Integrative DNA methylation and gene expression analysis in high-grade soft tissue sarcomas
- Equal contributors
1 Department of General Pathology, Institute of Pathology, University Hospital Heidelberg, Im Neuenheimer Feld 224, 69120 Heidelberg, Germany
2 Theoretical Bioinformatics, German Cancer Research Center (DKFZ), 69120 Heidelberg, Germany
3 Institute of Pathology, University Hospital of Cologne, 50937 Cologne, Germany
4 Department of General, Visceral and Transplantation Surgery, University Hospital Heidelberg, 69120 Heidelberg, Germany
5 Division of Orthopedic Oncology, Department of Orthopedics, Trauma Surgery and Paraplegiology, University Hospital Heidelberg, 69118 Heidelberg, Germany
6 Division of Molecular Genetics, German Cancer Research Center (DKFZ), 69120 Heidelberg, Germany
7 Department of Hematology, Oncology, and Rheumatology, University Hospital Heidelberg, 69120 Heidelberg, Germany
8 Department of Bioinformatics and Functional Genomics, Institute of Pharmacy and Molecular Biotechnology, Bioquant, University of Heidelberg, 69120 Heidelberg, Germany
Genome Biology 2013, 14:r137 doi:10.1186/gb-2013-14-12-r137Published: 17 December 2013
High-grade soft tissue sarcomas are a heterogeneous, complex group of aggressive malignant tumors showing mesenchymal differentiation. Recently, soft tissue sarcomas have increasingly been classified on the basis of underlying genetic alterations; however, the role of aberrant DNA methylation in these tumors is not well understood and, consequently, the usefulness of methylation-based classification is unclear.

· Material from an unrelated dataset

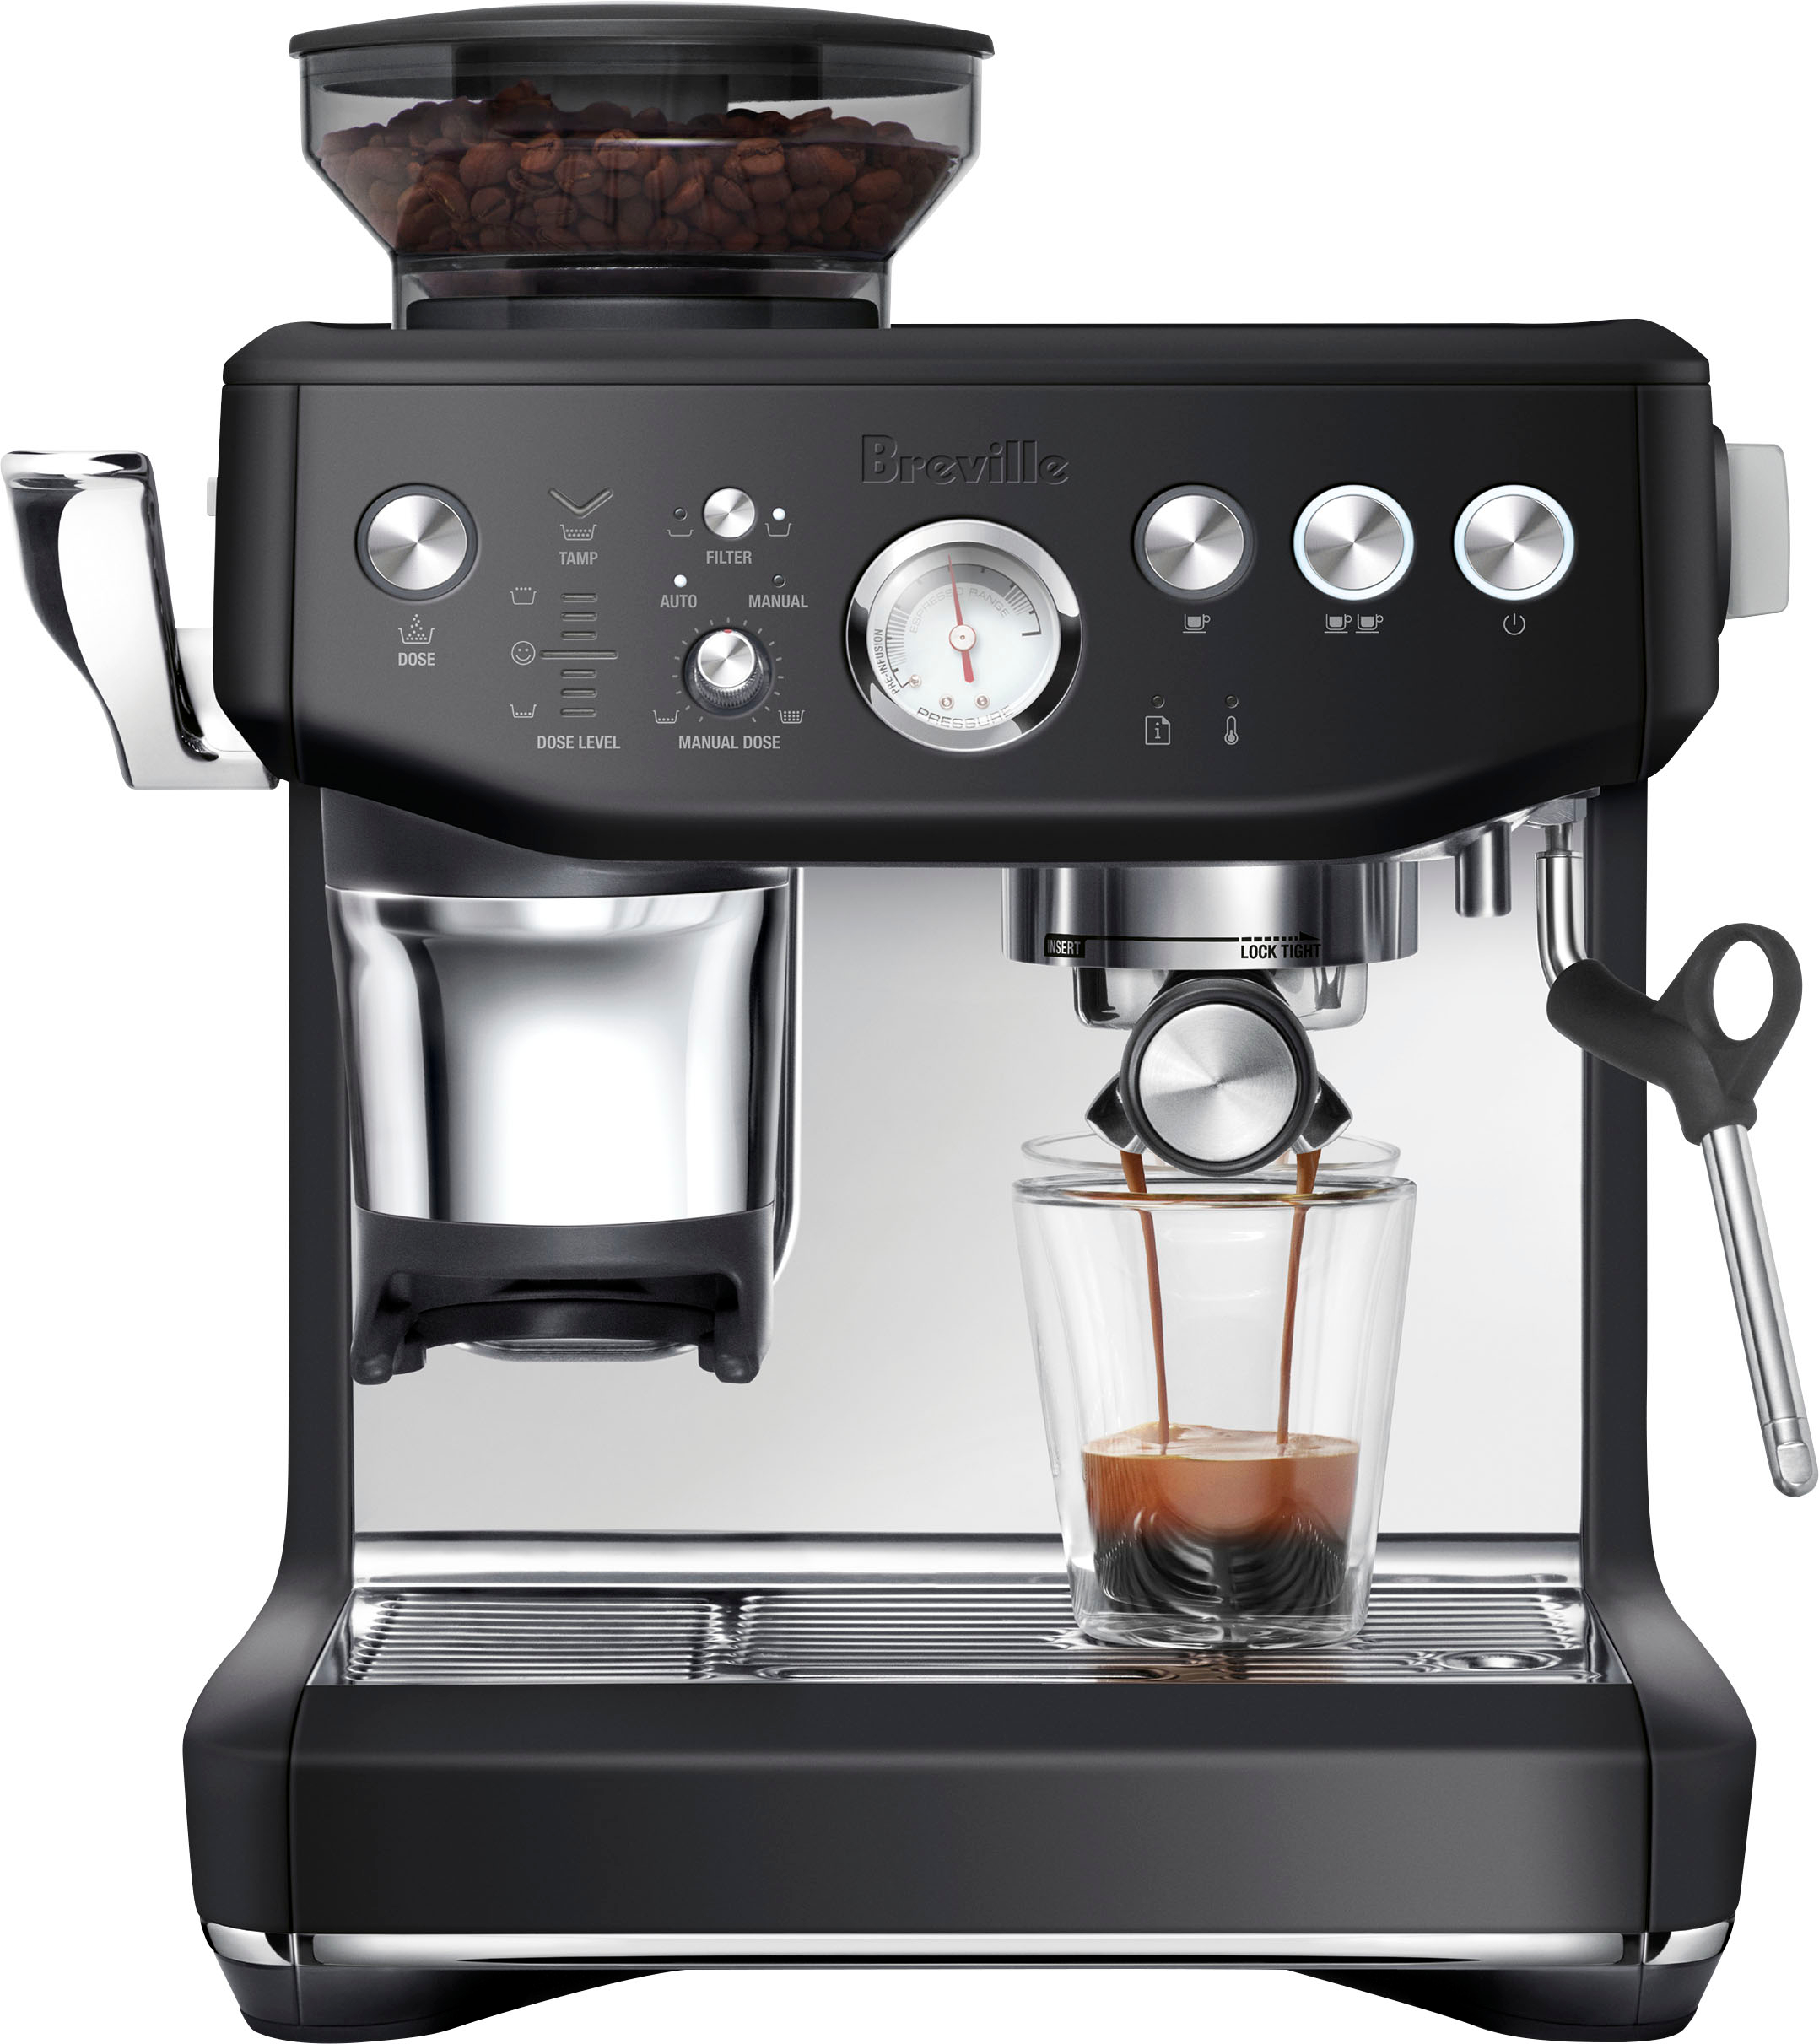 Breville Barista Express Impress Review: An Espresso Machine With

We used the Infinium HumanMethylation27 platform to profile DNA methylation in 80 primary, untreated high-grade soft tissue sarcomas, representing eight relevant subtypes, two non-neoplastic fat samples and 14 representative sarcoma cell lines. The primary samples were partitioned into seven stable clusters. A classification algorithm identified 216 CpG sites, mapping to 246 genes, showing different degrees of DNA methylation between these seven groups. The differences between the clusters were best represented by a set of eight CpG sites located in the genes SPEG, NNAT, FBLN2, PYROXD2, ZNF217, COL14A1, DMRT2 and CDKN2A. By integrating DNA methylation and mRNA expression data, we identified 27 genes showing negative and three genes showing positive correlation. Compared with non-neoplastic fat, NNAT showed DNA hypomethylation and inverse gene expression in myxoid liposarcomas, and DNA hypermethylation and inverse gene expression in dedifferentiated and pleomorphic liposarcomas. Recovery of NNAT in a hypermethylated myxoid liposarcoma cell line decreased cell migration and viability.
Our analysis represents the first comprehensive integration of DNA methylation and transcriptional data in primary high-grade soft tissue sarcomas. We propose novel biomarkers and genes relevant for pathogenesis, including NNAT as a potential tumor suppressor in myxoid liposarcomas.